Он вытащил из повозки багаж Энкарны.
– Дай сюда, – сказала Карни.
Диего не ответил.
– Ну дай… Хотя бы сумку!
Не говоря ни слова, он пошел вперед. Колеса чемодана громыхали по камням, грозя отвалиться. Диего поставил чемодан, ухватил за ручку, понес. Сумка, заброшенная за плечо, колотила по бедру – к счастью, по тому, которое не пострадало в схватке.
Карни включила коммуникатор, на ходу сверяясь с картой.
– Нам туда, – указала она рукой.
На горизонте небо сходилось с морем. Оба простора, словно губки, быстро впитывали чернила вечера. Синее к синему, темно-синее к темно-синему. Надо спешить, сказал себе Диего.

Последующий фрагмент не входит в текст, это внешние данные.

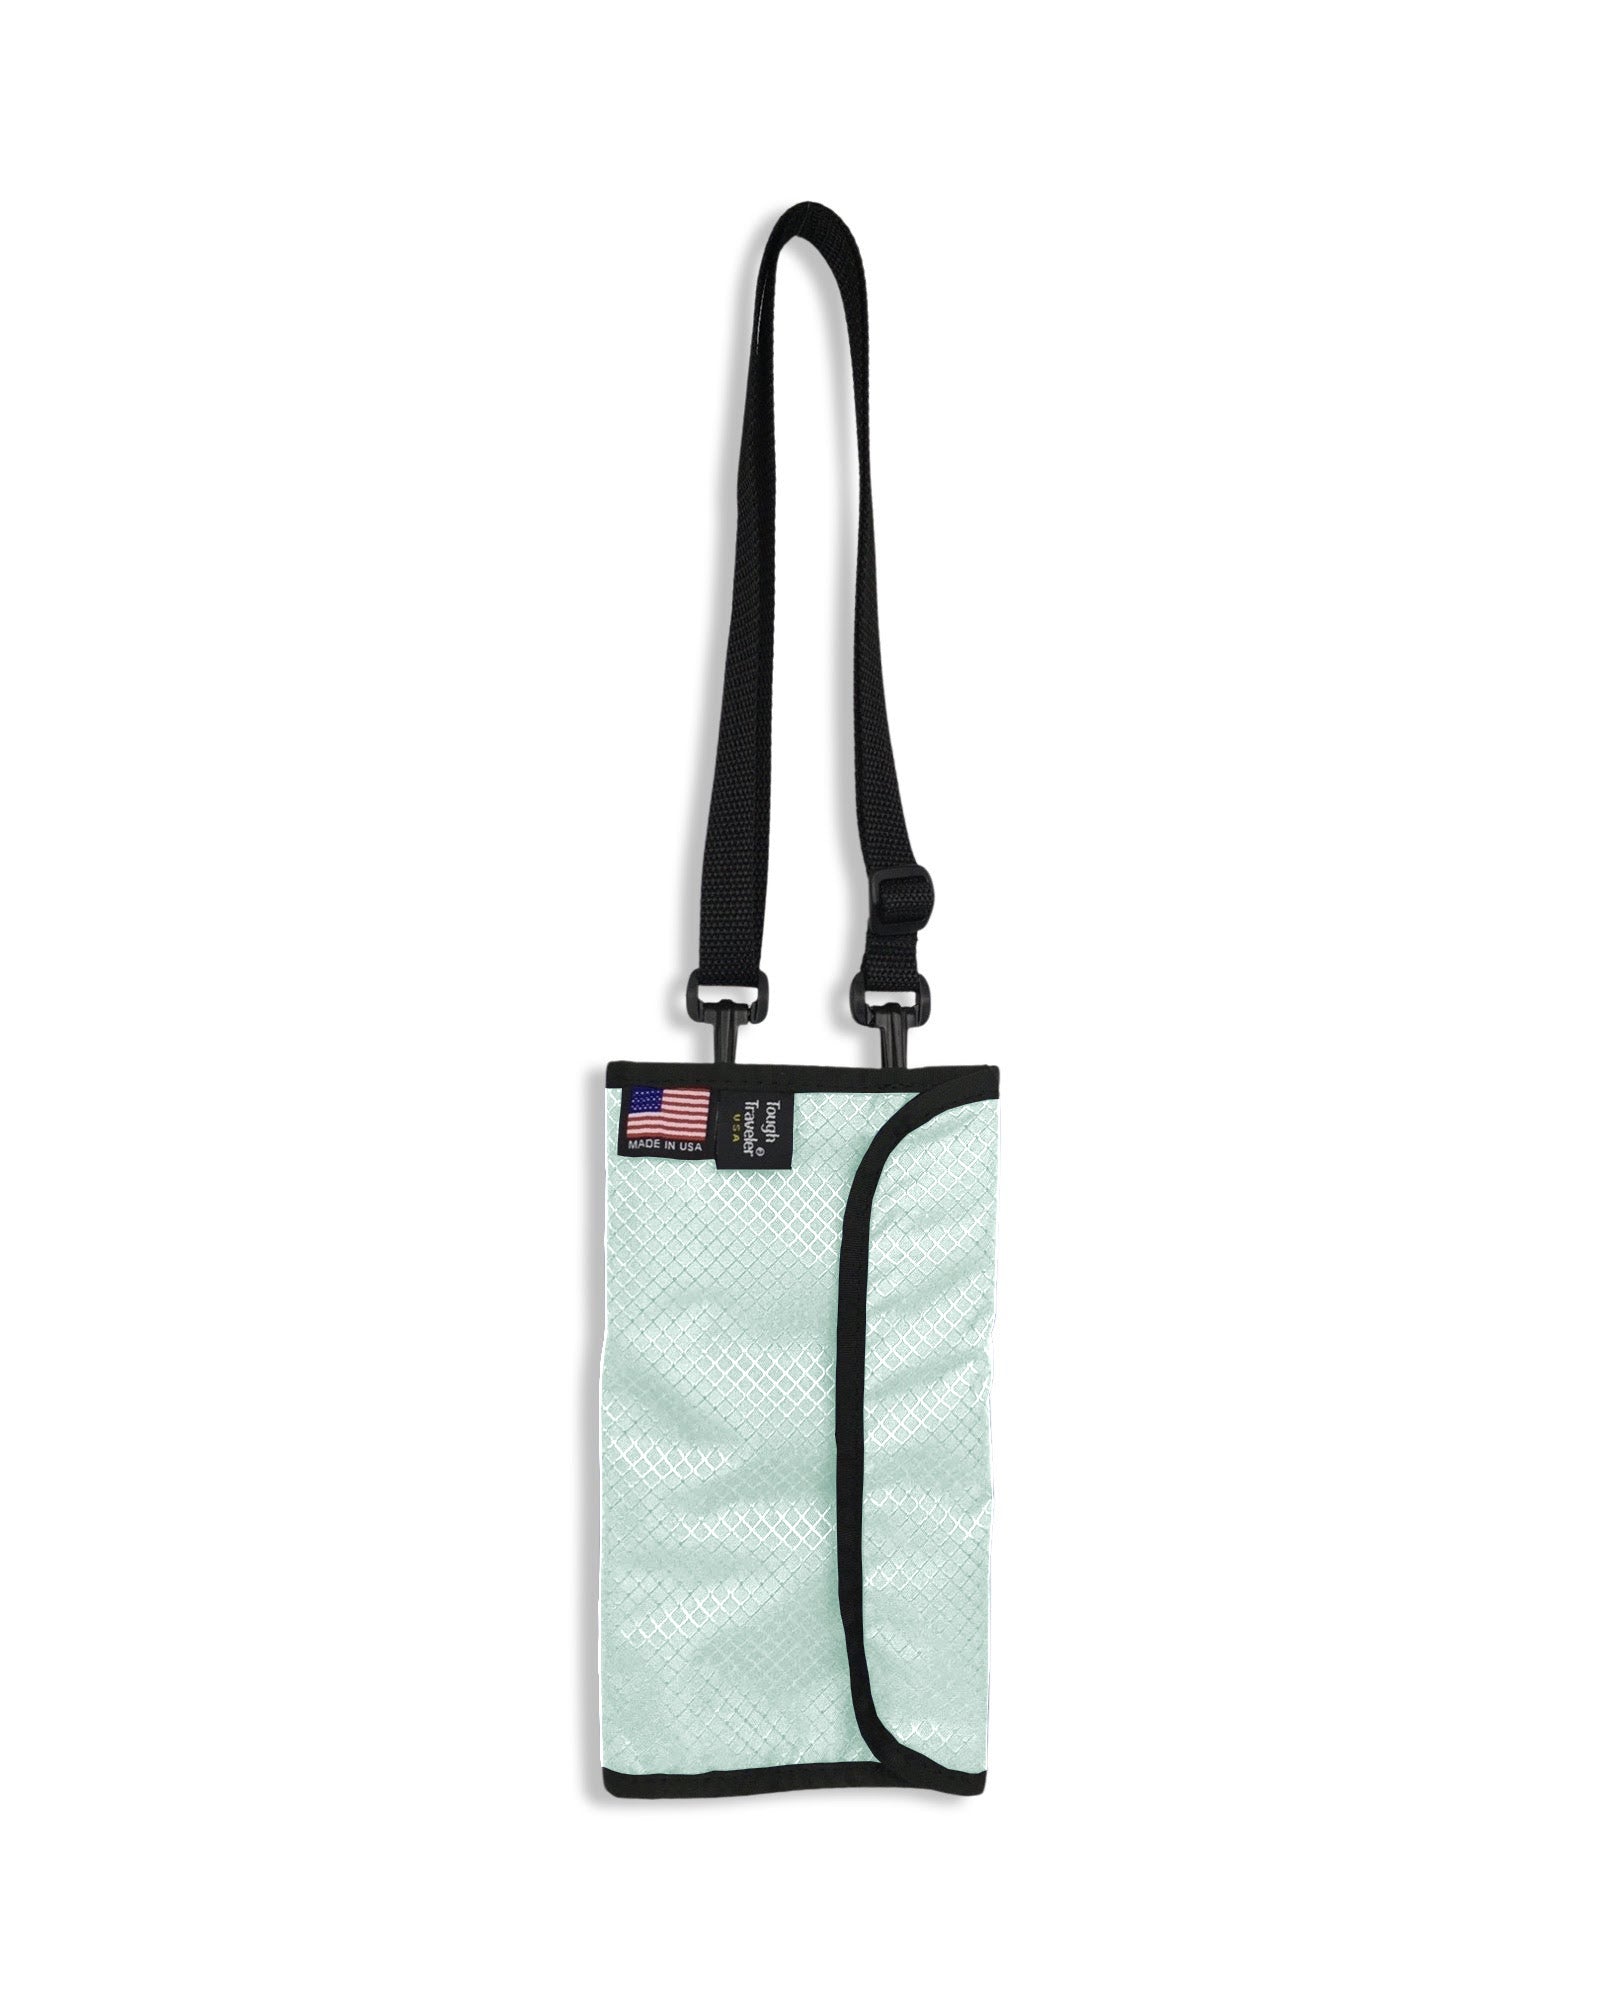 Hand sanitizer holder - Hand sanitizer holders - Briana's Handbags &  Accessories - Fashion Accessories

Не хватало еще опоздать.
– Бухта Бахиа-Деспедида.
– Полчаса, – прикинул маэстро. – Нет, минут сорок.
Он ошибся. Путь едва уложился в час. Пористый известняк был изъеден кавернами, большими и малыми. Вскоре Пераля угораздило подвернуть ногу. Он взмахнул руками, ловя равновесие, и чемодан от всей души саданул маэстро по колену. Диего зашипел гадюкой, пряча в шипении солдатскую брань. Негоже юной донье слышать то, от чего краснели новобранцы, вспоенные крысиным молоком. Он похромал дальше, запоздало выбирая, куда шагнуть. Подкралась усталость, легла на плечи, пригнула к земле. Ныла пострадавшая лодыжка, саднило колено; напомнили о себе раны.
Хорошо хоть, зной улегся.
Казалось, походу не будет конца. За спиной остались поля, огороды и виноградники. Угасла сиреневая кипень благоуханной азукарадо-виолетты – медвяное вино из нектара ее цветов высоко ценилось в Ойкумене. Истаяла далекая стена леса с возвышавшимися над ней кронами гран-арболей – из древесины одного такого великана можно было построить целый галеон. А впереди лежала пыль да росли редкие сухие колючки. Даже вездесущие цикады тут не водились.
За царством пыли начинался спуск к морю.
Символы, вздохнул Диего. Отец обожает символы. Намеки, тени, силуэты в тумане. За нами – Эскалона. И не мятежи, головорезы, клинки и палки, а вино, деревья, разбитые вдрызг дороги родины. Перед нами – пыль, камень, тернии. Возможно, море. Но море – потом. И небо – потом. Если оно случится, небо. Стоит ли гадать, что начнется там, за небом?
– Где сядет челнок? – тихо спросила Карни.